Barclays completed the sale of the business, which serves high net worth and ultra high net worth clients, to the Bank of Singapore, the private banking subsidiary of Oversea-Chinese Banking Corporation.
The Bank of Singapore snapped up the business for $225m (£181.6m), or 1.75 per cent of the wealth and investment management division's assets under management when the sale completed.
When the sale was first announced in April, Barclays had hoped to receive $320m, based on the assets under management at that time. However, not all customers opted to have their assets moved to the Bank of Singapore, resulting in the lower final sale price.
The sale will also decrease Barclays' risk weighted assets by roughly £800m.
"This is another example of the great progress we have made this year in Barclays non-core, as we aim to reduce risk weighted assets to £23bn in 2017 and reintegrate the remainder of the unit back into the group," said Barclays group chief executive, Jes Staley.
"I would like to thank those skilled and dedicated colleagues in Hong Kong and Singapore, who have moved to become part of Bank of Singapore, for their hard work for both Barclays and our wealth clients in the region. I wish them great success in the future."
Barclays will still run its corporate and investment banking businesses in Singapore and Hong Kong.

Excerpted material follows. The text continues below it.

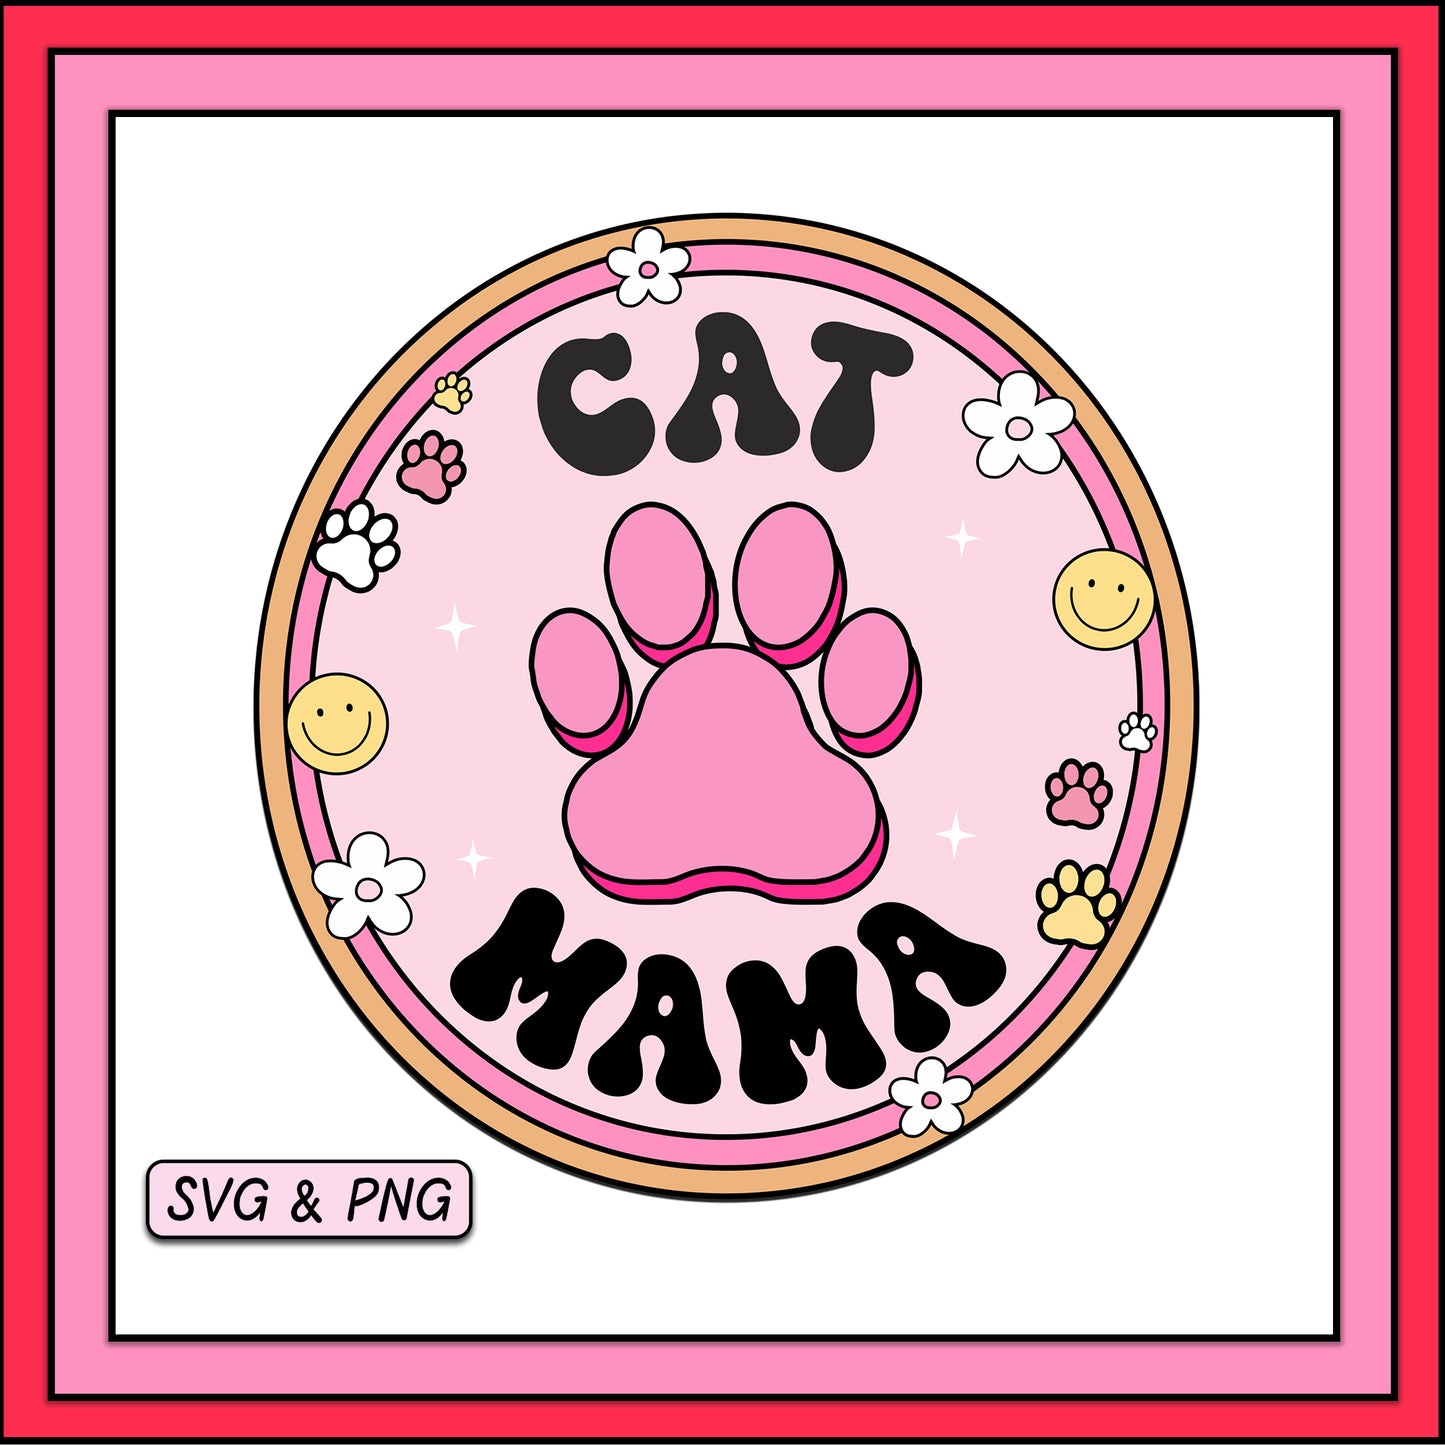 Cat Mama - SVG & PNG

"Asia remains a crucial component of the Barclays business plan, and we continue to actively serve our clients across the region from our offices in Singapore, Hong Kong, China, India, and Japan," Staley added.

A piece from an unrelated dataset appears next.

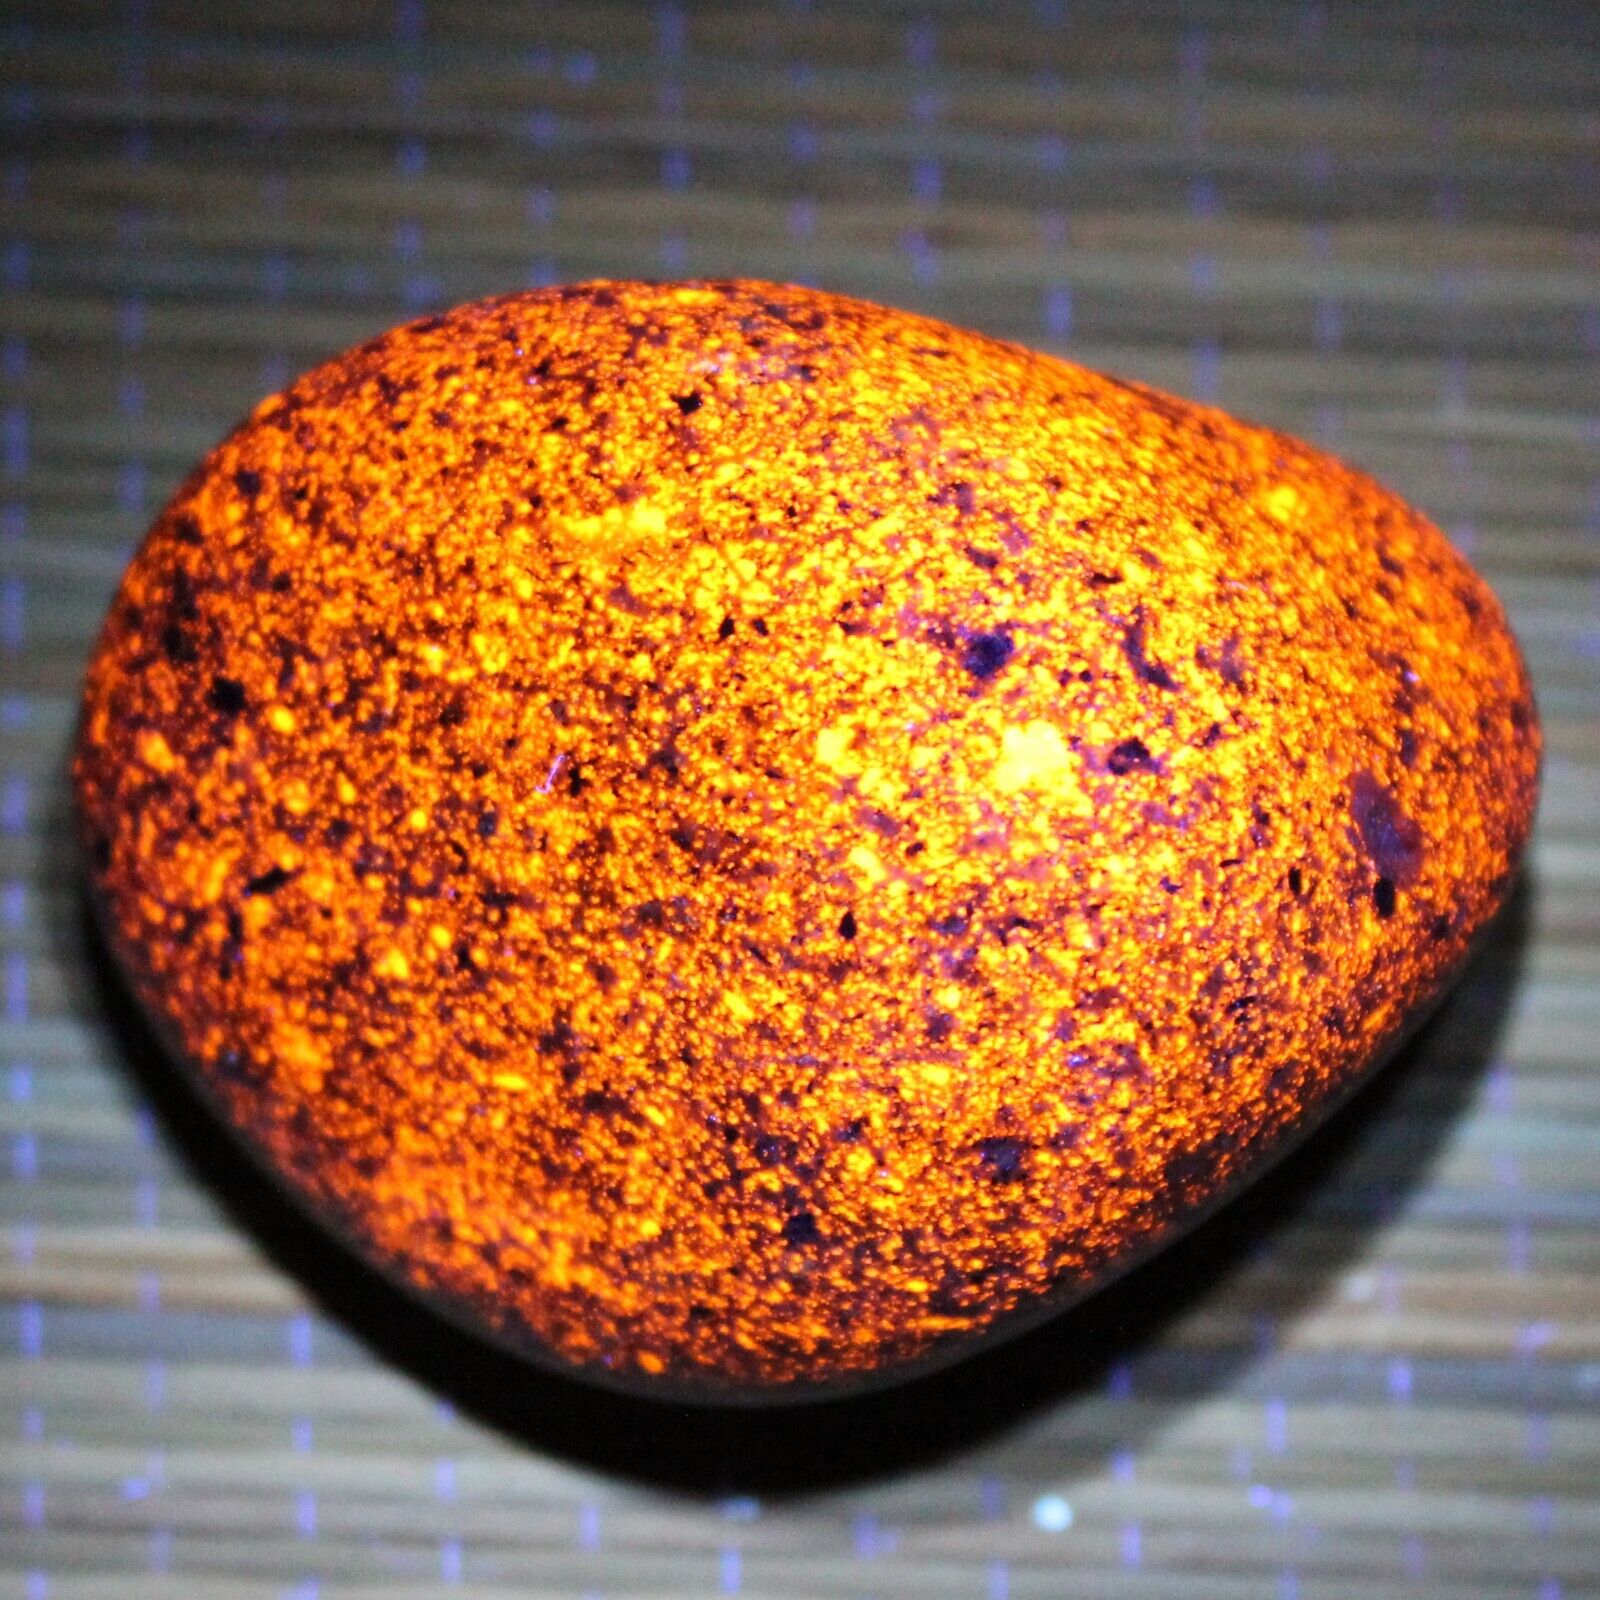 BIG BRIGHT Yooperlite Rock from Lake Superior Fluorescent Sodalite Glow Stone Z5

Shares in Barclays are down 1.5 per cent at 212.35p at time of writing, although investors are also likely bracing themselves ahead of the Bank of England's stress test results on Wednesday.
28 November 2016 @ 12:15pmBarclays (BARC)

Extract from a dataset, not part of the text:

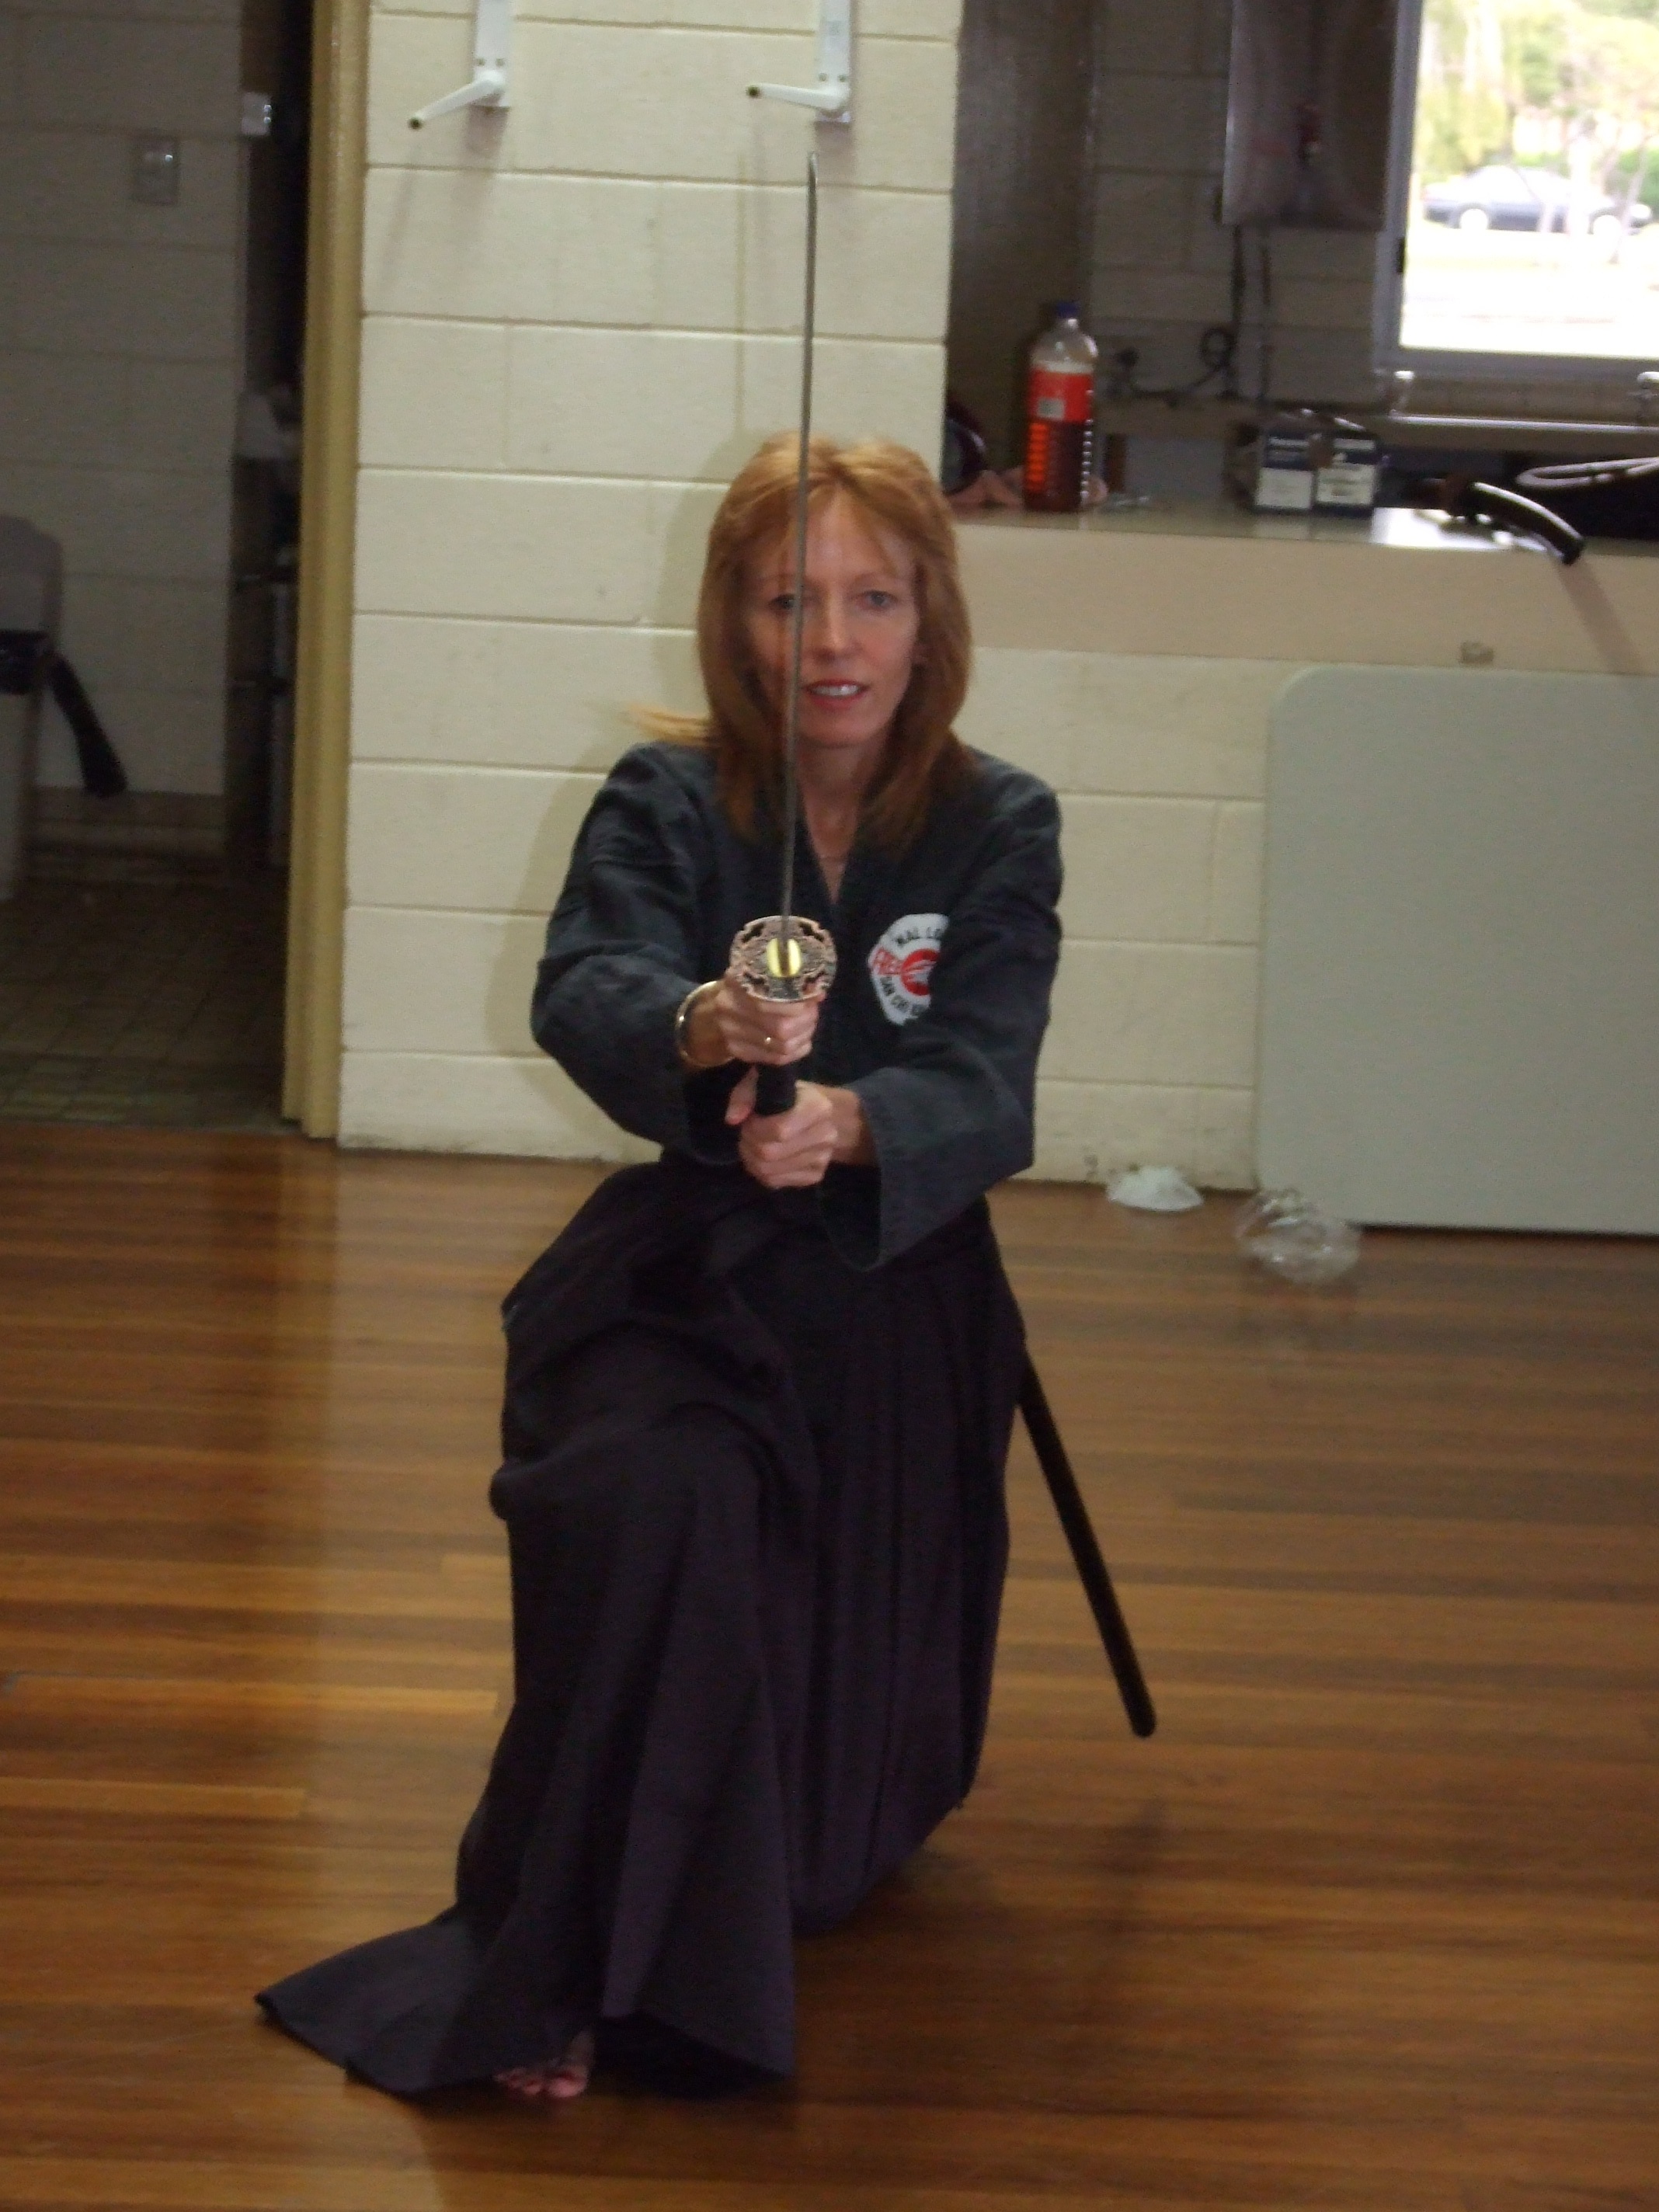 Karen demonstrating sword

Barclays has been working hard to shift its non-core assets over the past few years. Earlier this month, the bank announced it had agreed to sell its Irish insurance unit.
In October, it revealed it was selling a portfolio of salary secured loans in Italy, its Egyptian bank and its UK trust business, while in August the lender dropped its Italian retail banking network.
In its most recent results, Barclays revealed that losses attributed to its non-core division had slipped a further 33 per cent year-on-year for the first nine months of 2016.